自分の言葉で表現しなさいとか自分の意見を持ちなさいとか

 

 よく言われるけどさ

 

 インターネットの普及に伴い、多くの人が自分の意見を世界に向けて発信できるようになった。ぼくぐらいの世代になると「なった」というよりも「であった」というほうがしっくりくると思うけど、まぁそんなことはどうでもよくて。

 ところが、インターネットを見ていると、実際に意見を発信している人は多くない。絶対的な数でいえば、ぼくが生涯で視界に入れる人の数よりも遥かに多いと思うけどさ、割合の話ね。で、発信してない人が他人の意見を受信しているのかいうと、それも違うように思える。

 あくまでもぼく目線で、ことtwitterに限った話になるけど、大多数の人は意見を表に出すことはなく、出しているものといえば感想とか共感だ。共感は人間関係を円満にするうえで不可欠で、別に共感してないで反駁しろなんて過激なことを言うつもりは全くない。ただ、意見を述べる人も、他人の意見を理解しようとする人も、多くないよねって話。

 

 ところで、自分の意見というものは無くても困らない。例えば死刑制度の是非についてなんかは、学校でやるディベートの真似事のテーマになることもあって、自分の意見を一応持っている人もいると思う。でも、この意見が普段の生活に生きてくるかというと、そんなことはない。飲みにいって死刑制度の話をしはじめたら気味悪がられるし(は?酒と女の話ばかりしやがって)、生き方そのものを変えることもない。普段必要なのは、感想と共感のほう。

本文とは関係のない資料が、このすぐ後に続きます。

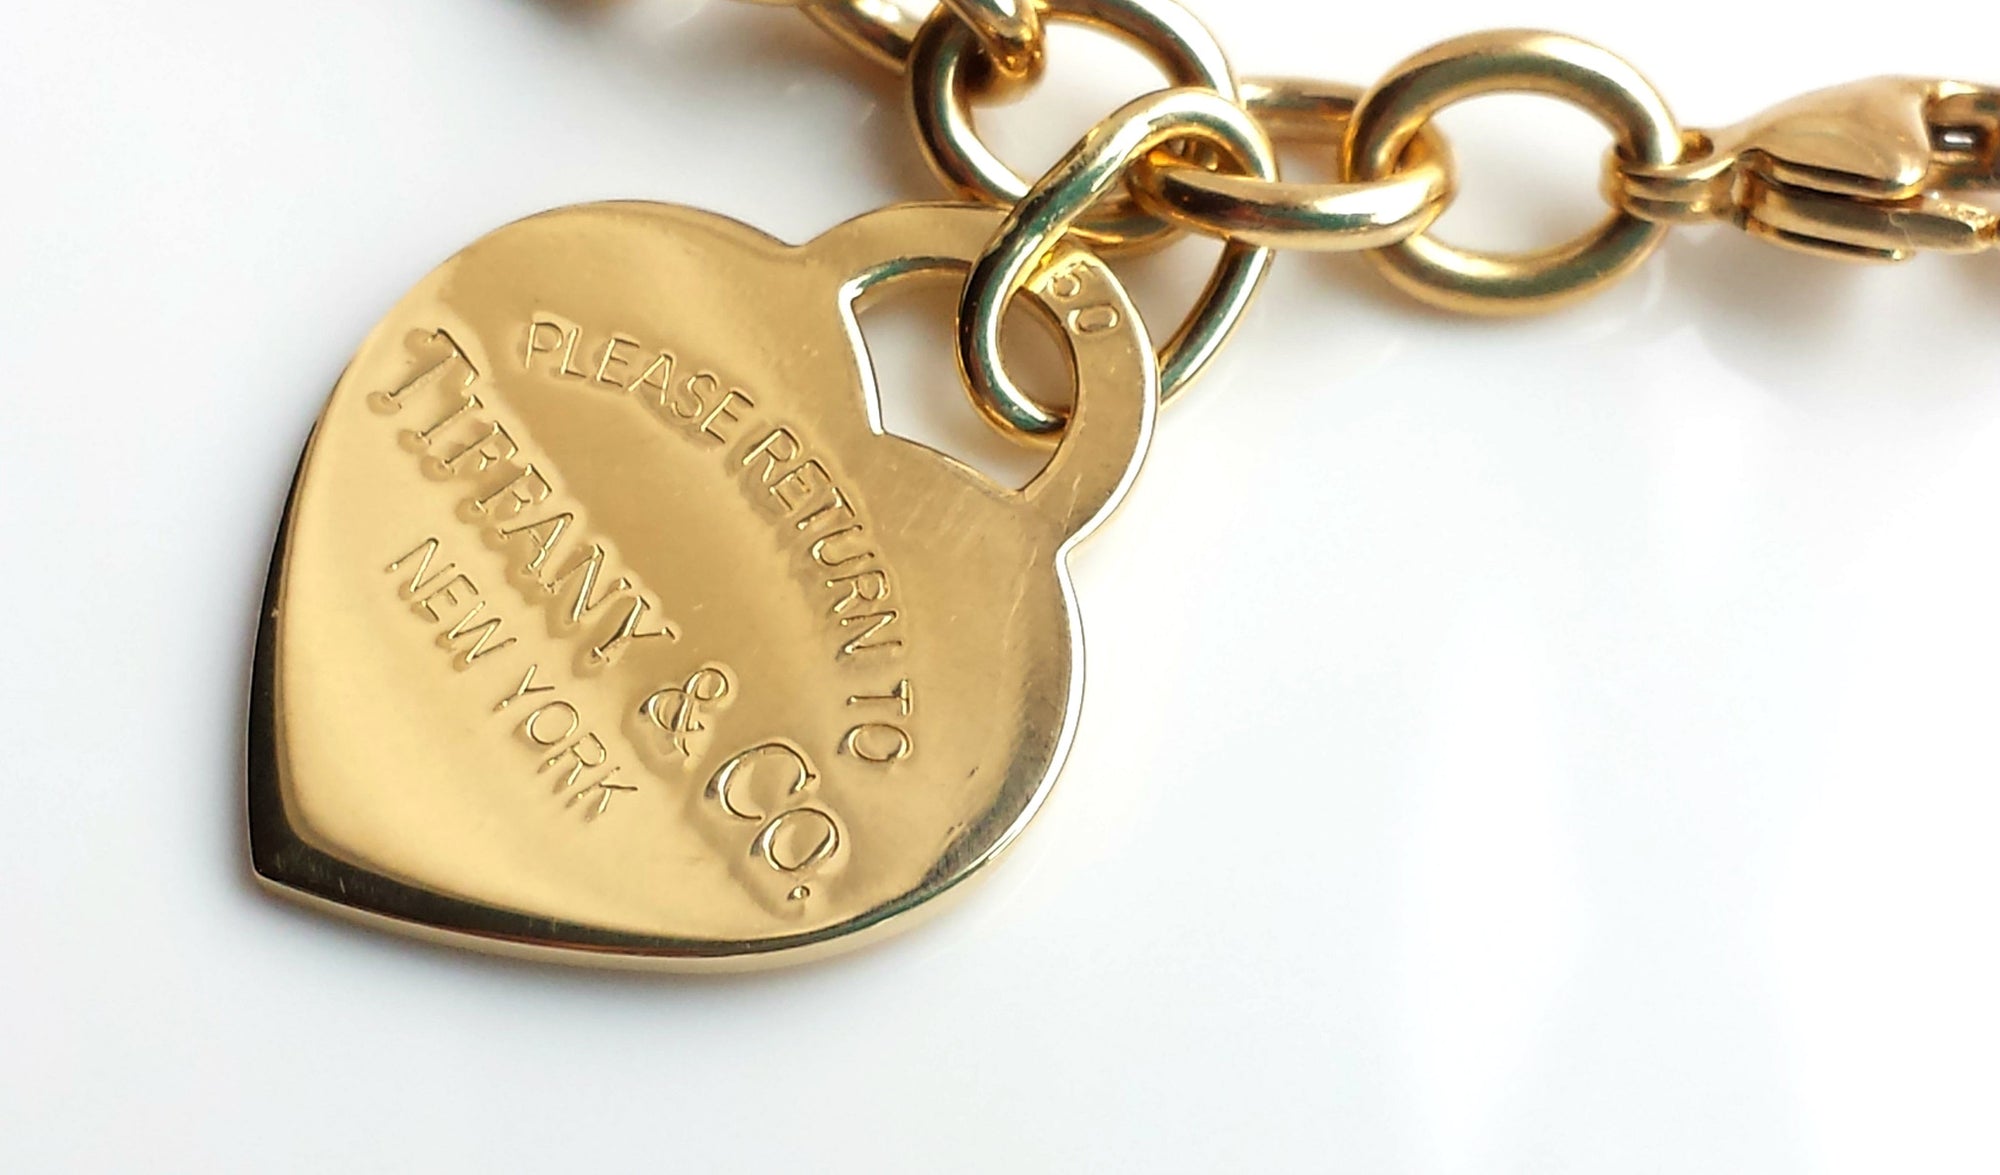 Tiffany & Co Return to Tiffany Heart Padlock Necklace Pendant Chain Gift  Love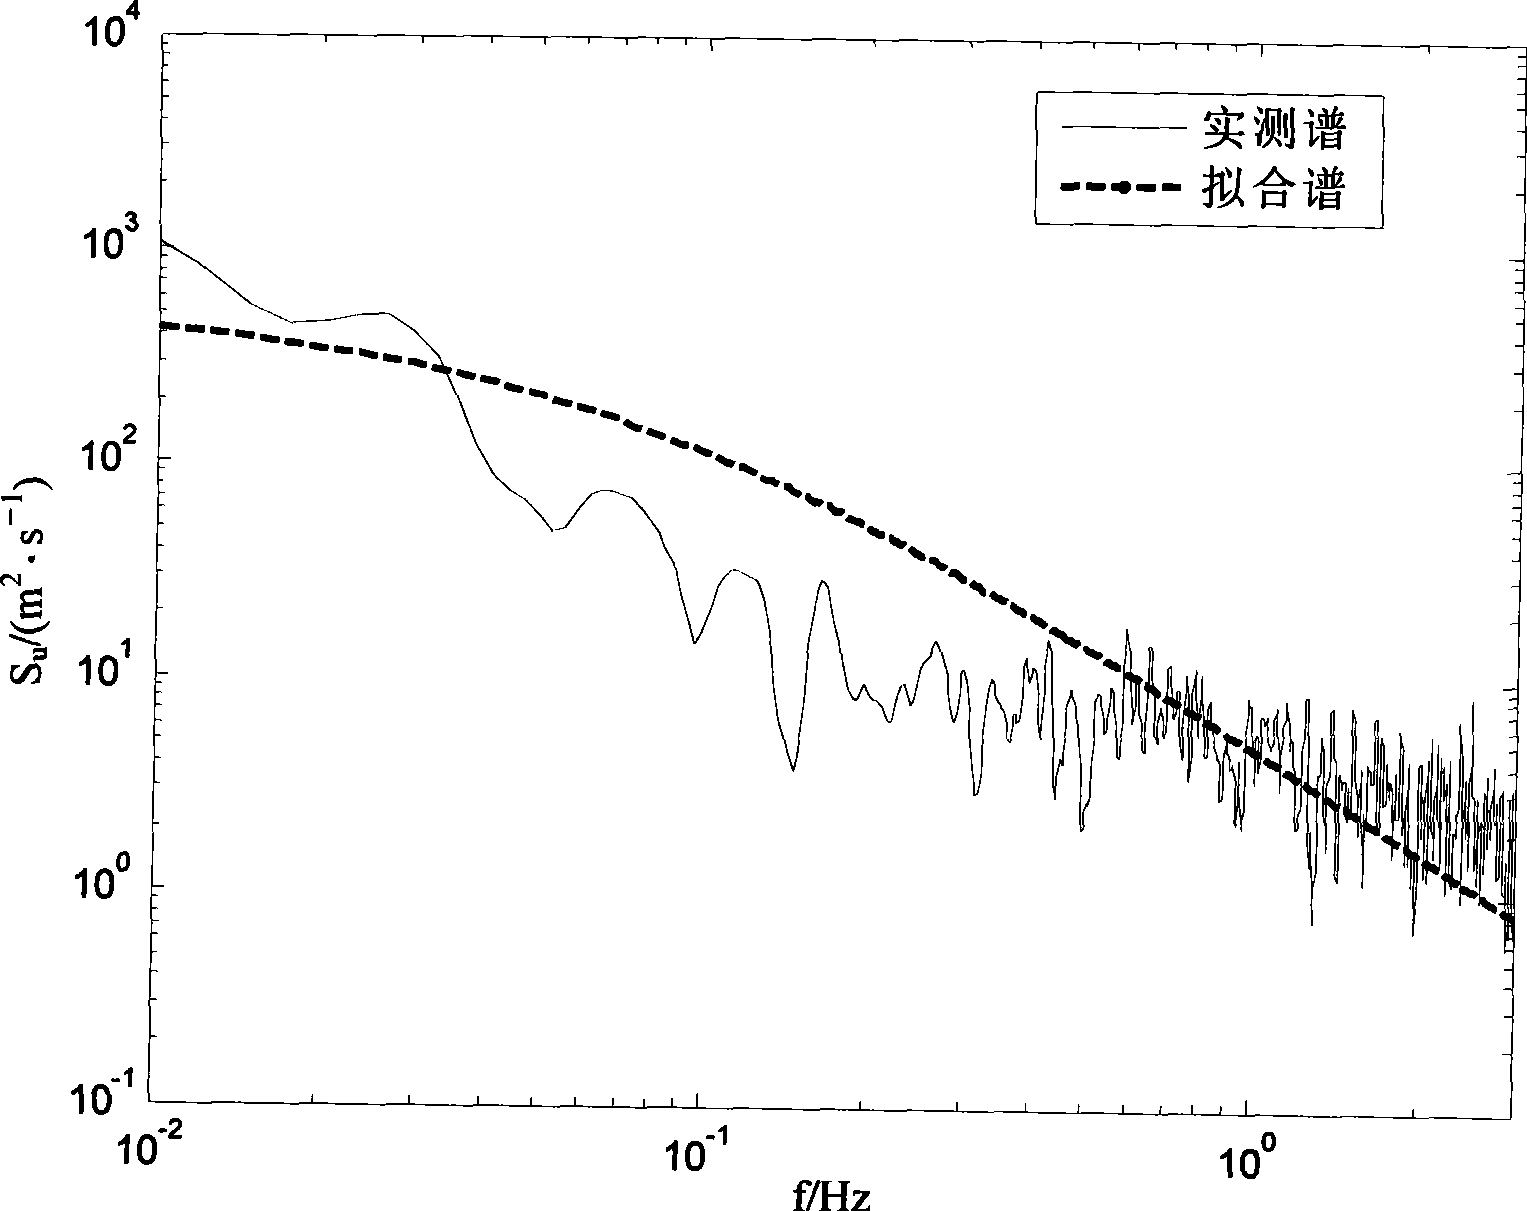 Fine simulation method of wind spectrum model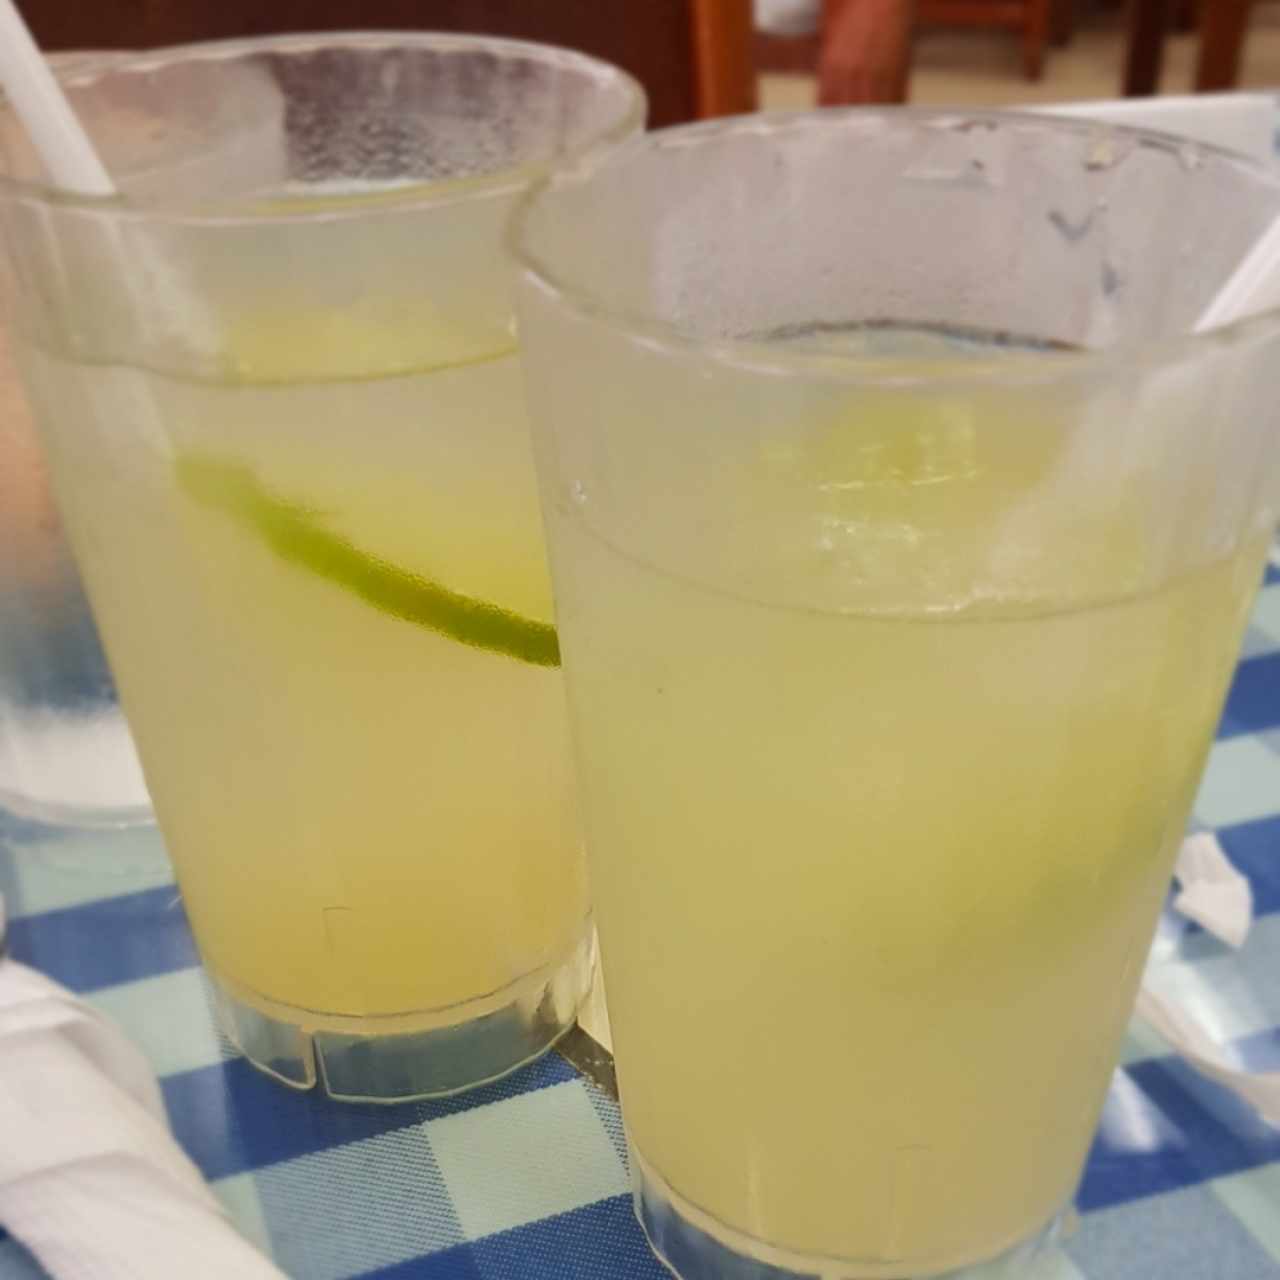 Limonada natural $1.50

 それなのに、自分にとって身近・無縁にかかわらずある事柄について、自分の言葉で表現しなさいとか自分の意見を持ちなさいと言われるのはなんなのか。この文章を読むようなもの好きな人は、もしかしたら言われる側ではなくて言う側なのかもしれないとふと思ったけど、言う側もどこまで考えての発言なのか怪しいものだ。

 

 で、先の文章の答えは次のようになるとぼくは思ってる。意見を述べることで、自らが何者であるかを示せる。右翼、左翼、フェミニストといったものは、意見表明としては稚拙だと思うけど、それでも自分の立ち位置を示すことができる。つまり、意見を述べることはアイデンティティ創出の一手段となる。

 というか、何の意見も持たない、発信しないのであれば、その人にはポジションがない。便利な単語で「言論空間」というものがあるので使わせてもらうと、そういう人は言論空間において、存在していないように扱われる。サッカーを全くやったことがない人がピッチに立っているような感じ。意見を述べるということは、言論空間に足場を作り自らの存在を宣言することだ。意見の正当性、論理的整合性はとりあえず無視して、意見を持つことで、表明することで、「彼はあそこに立ち位置にした」と認識され、そしてその人は何者かになる。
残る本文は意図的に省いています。